YOUR OBJECTIVE: In this exercise, return the whole listing exactly, excluding any images.

INFORMATION SUPPLIED:

================

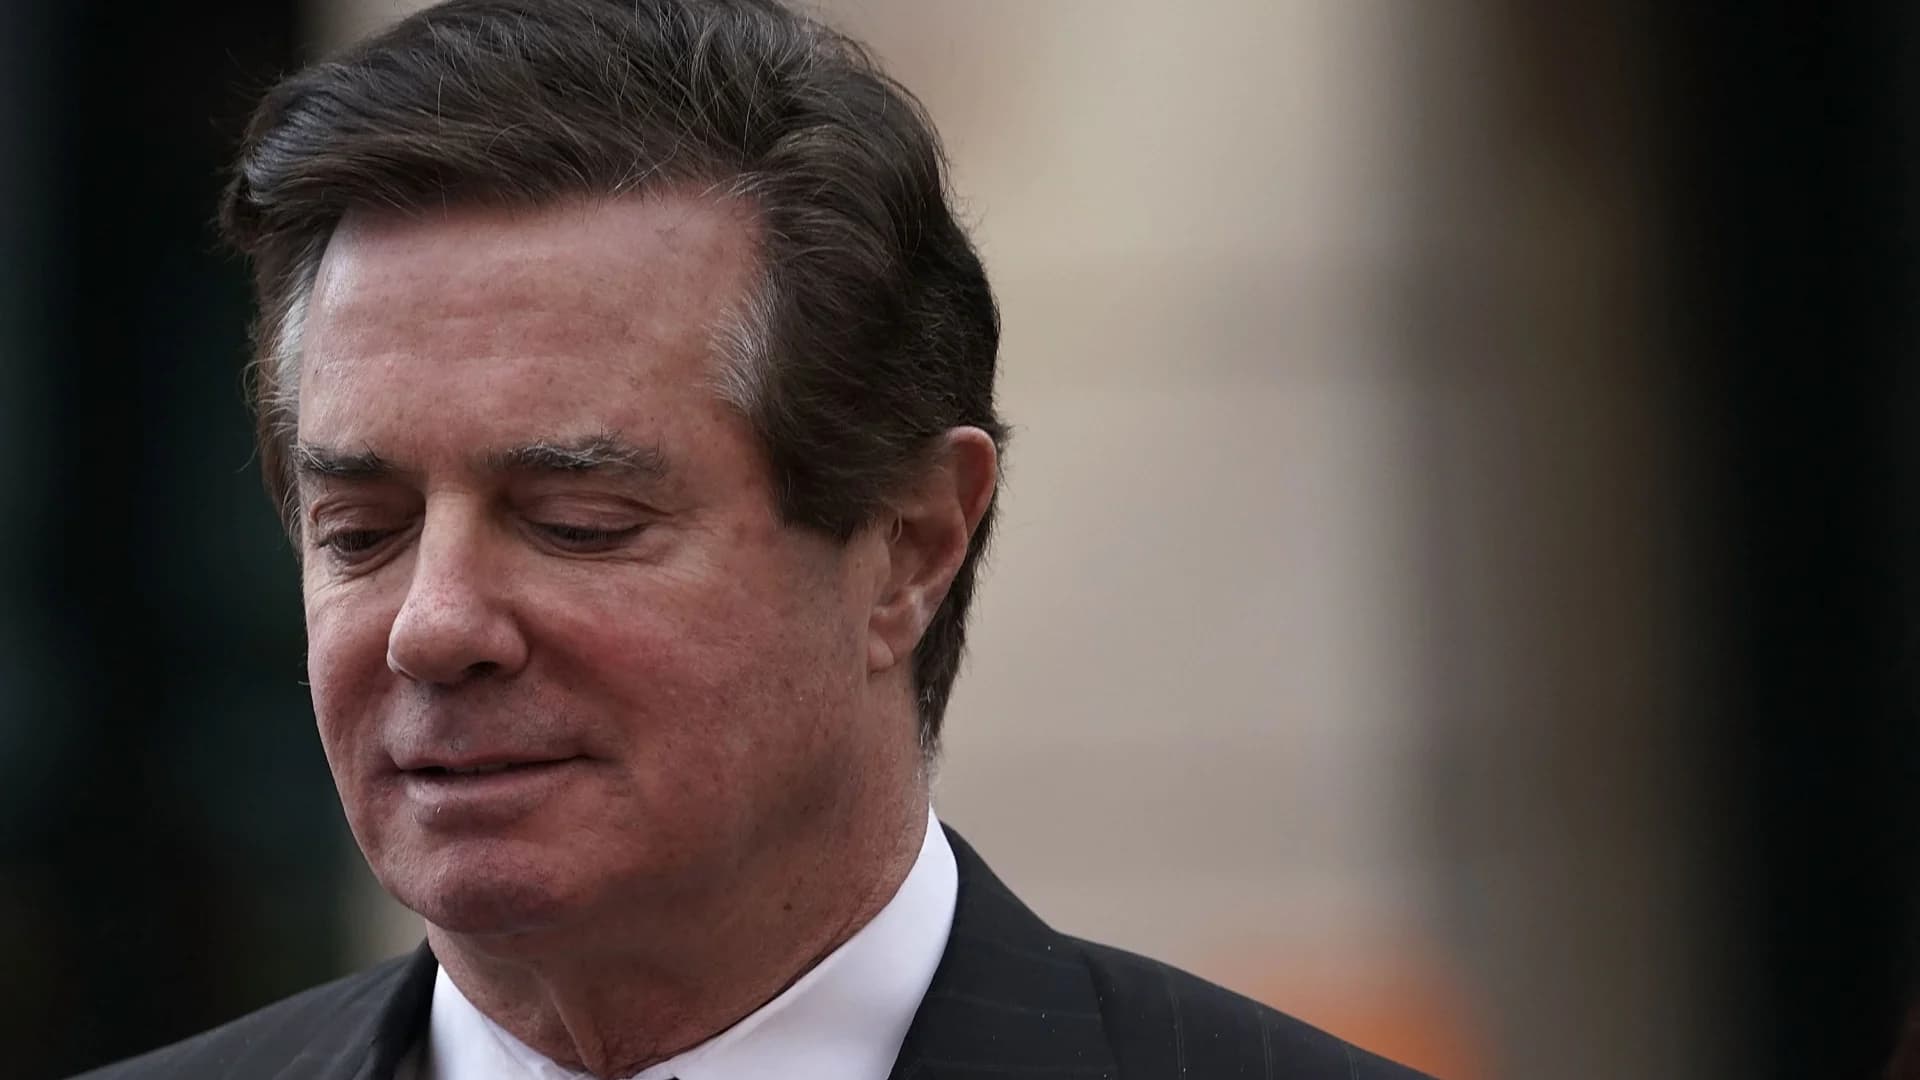 New charges filed against Manafort in Russia probe
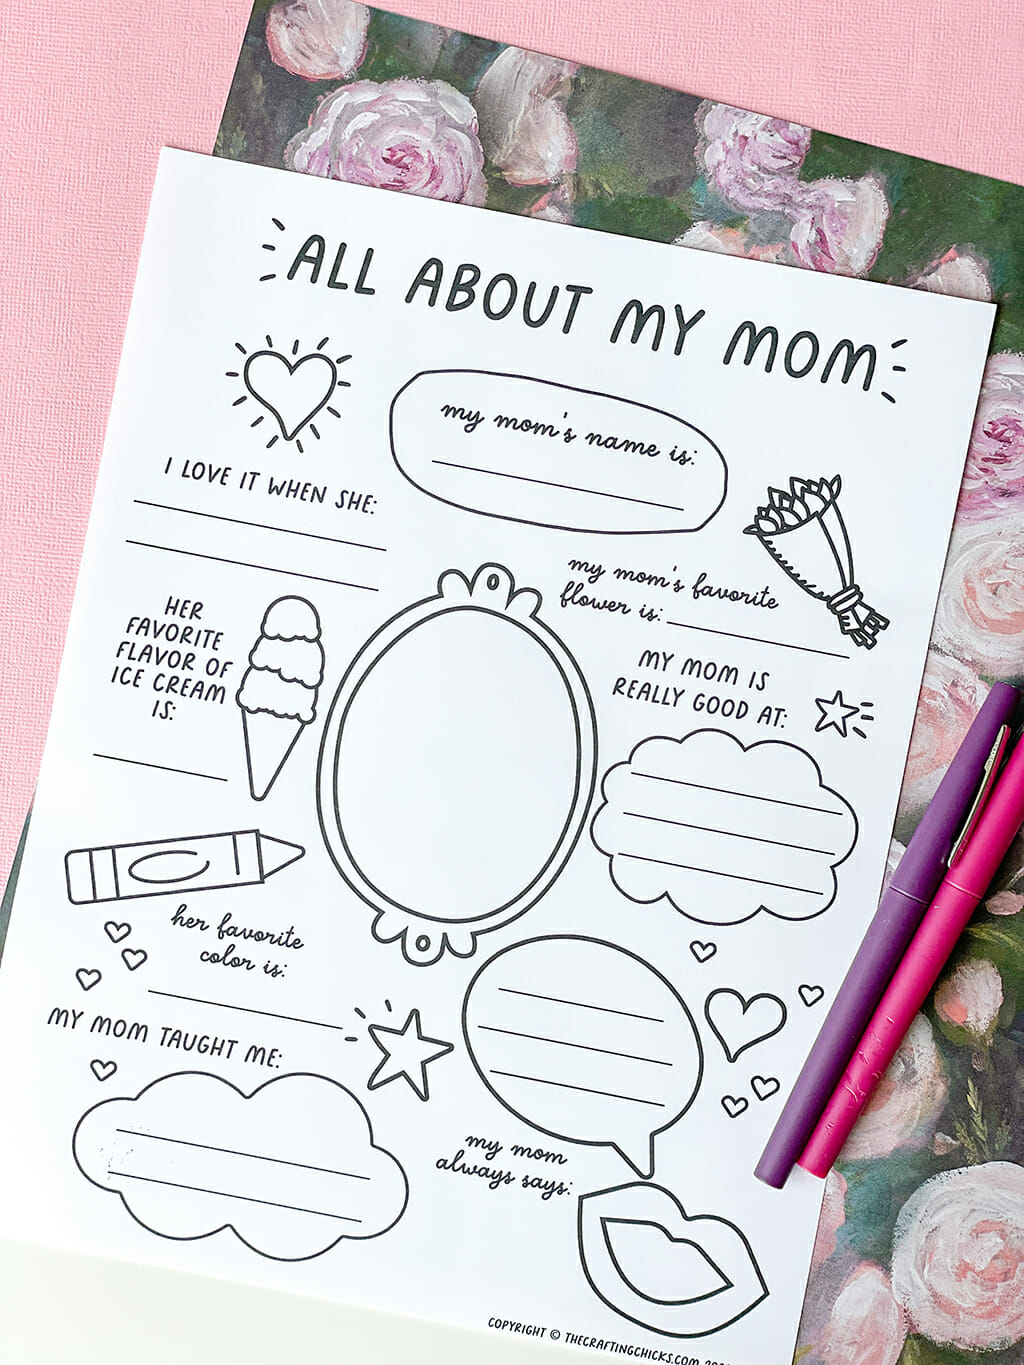 All About My Mom Free Printable on a floral and pink background
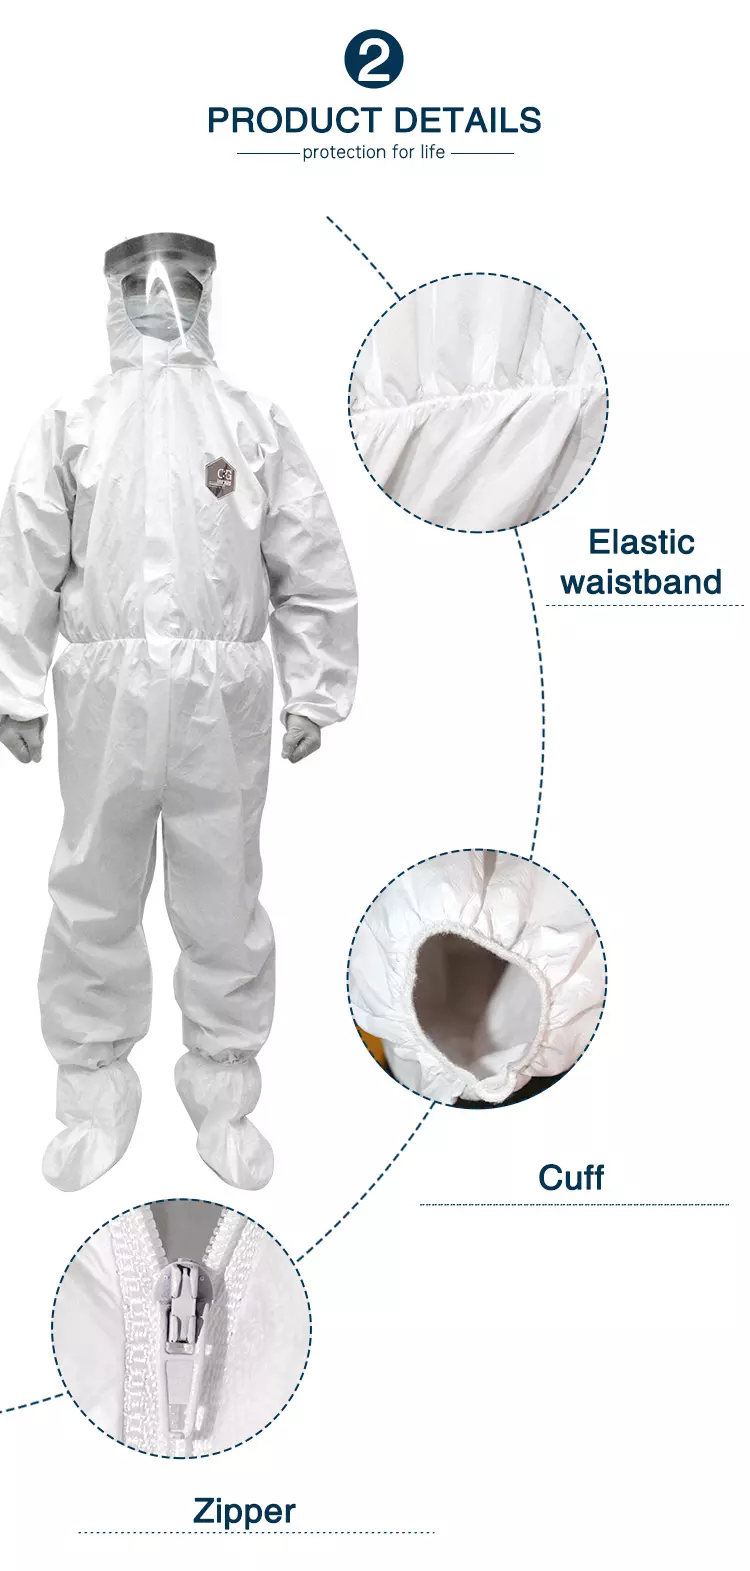 CG500B Disposable <a href=/ppc/ target=_blank class=infotextkey>Protective clothing</a>

================

EXERCISE OUTPUT:
 New charges filed against Manafort in Russia probe
 All About My Mom Free Printable on a floral and pink background
 CG500B Disposable <a href=/ppc/ target=_blank class=infotextkey>Protective clothing</a>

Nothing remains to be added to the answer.